The statue is part of an installation whose Chinese-language name (承先啟後) means “to inherit the past and inspire the future.”
Photo coutesy of the Taiwan Statebuilding Party’s Tainan branch
The protester draped two banners over the cage that read: “People should not worship authoritarian regimes” and “Mass killings must be prosecuted.”
Wu said that the Tainan City Government had not followed through with transitional justice for the 228 Incident.
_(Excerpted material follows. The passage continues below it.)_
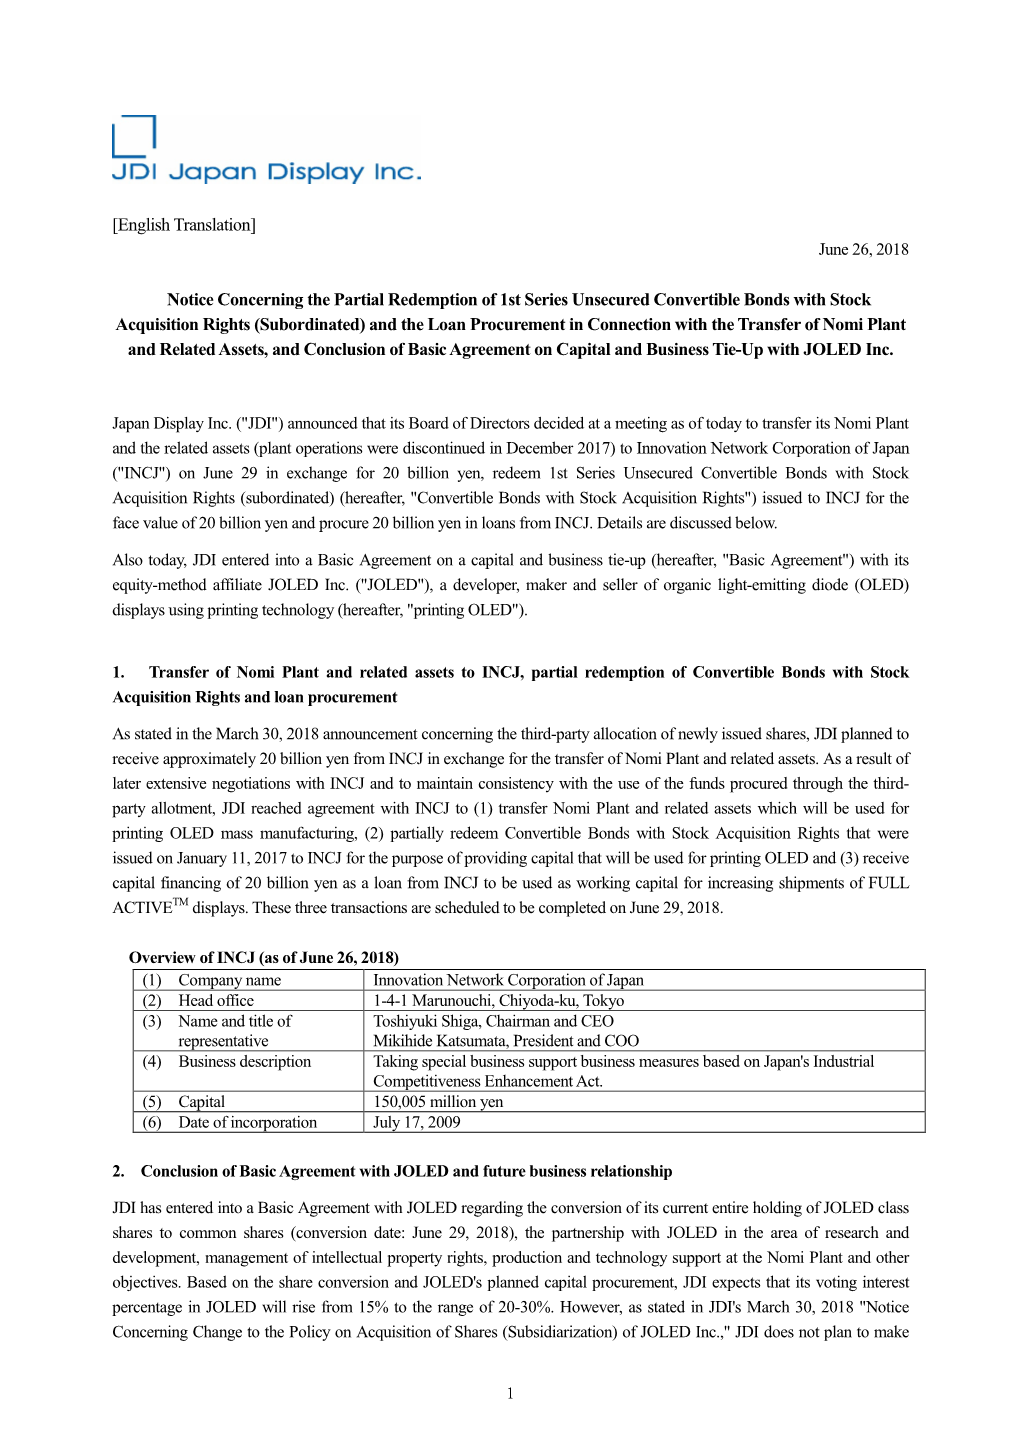 [English Translation] Notice Concerning the Partial Redemption of 1St Series Unsecured Convertible Bonds with Stock Acquisition

The Incident refers to a series of protests sparked by police actions as they confiscated contraband cigarettes from a woman in Taipei on Feb. 27, 1947.
Photo: Cheng I-hwa, AFP
According to the Memorial Foundation of 228, the woman who sold the illegal cigarettes was badly injured by the police, igniting a public outcry that had been building against the rule of the then-authoritarian KMT regime.
The protests quickly spread across Taiwan for several days, leading to violent and fatal crackdowns by the government, the foundation’s Web site says.
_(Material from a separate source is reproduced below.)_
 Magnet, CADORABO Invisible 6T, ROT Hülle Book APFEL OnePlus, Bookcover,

People in Tainan played major roles in Taiwan’s democracy movement, but many city roads and public spaces still have monuments to the dictatorship, Wu said.
“Locking Chiang in an iron cage is our artistic expression to represent the hopes of Taiwanese,” she said. “We urge the city government to remove symbols of authoritarianism to achieve transitional justice and not persist in worshipping the KMT dictator.”
Ceremonies were held across Taiwan to commemorate the 78th anniversary of the 228 Incident.
Taipei Mayor Chiang Wan-an (蔣萬安) and former president Ma Ying-jeou (馬英九) attended the Taipei City Government’s event at 228 Peace Memorial Park in Zhongzheng District (中正).
At an event in Taichung, Greater Taichung 228 Memorial Association chairwoman Liao Ling-hui (廖苓惠) said that the massacre of 1947 must not happen again.
The KMT has never learned from its history “and still want to cooperate with the Chinese Communist Party,” Liao said.
The KMT and the Taiwan People’s Party are colluding with China, she accused, urging them “not to sell out Taiwan.”
KMT Chairman Eric Chu (朱立倫) wrote on social media that the KMT would deeply reflect on the past and has the courage to take on this responsibility.
He also called for the Democratic Progressive Party to forgo politics and listen to the public, as history and memories should prompt reflection and unity, not hatred and confrontation.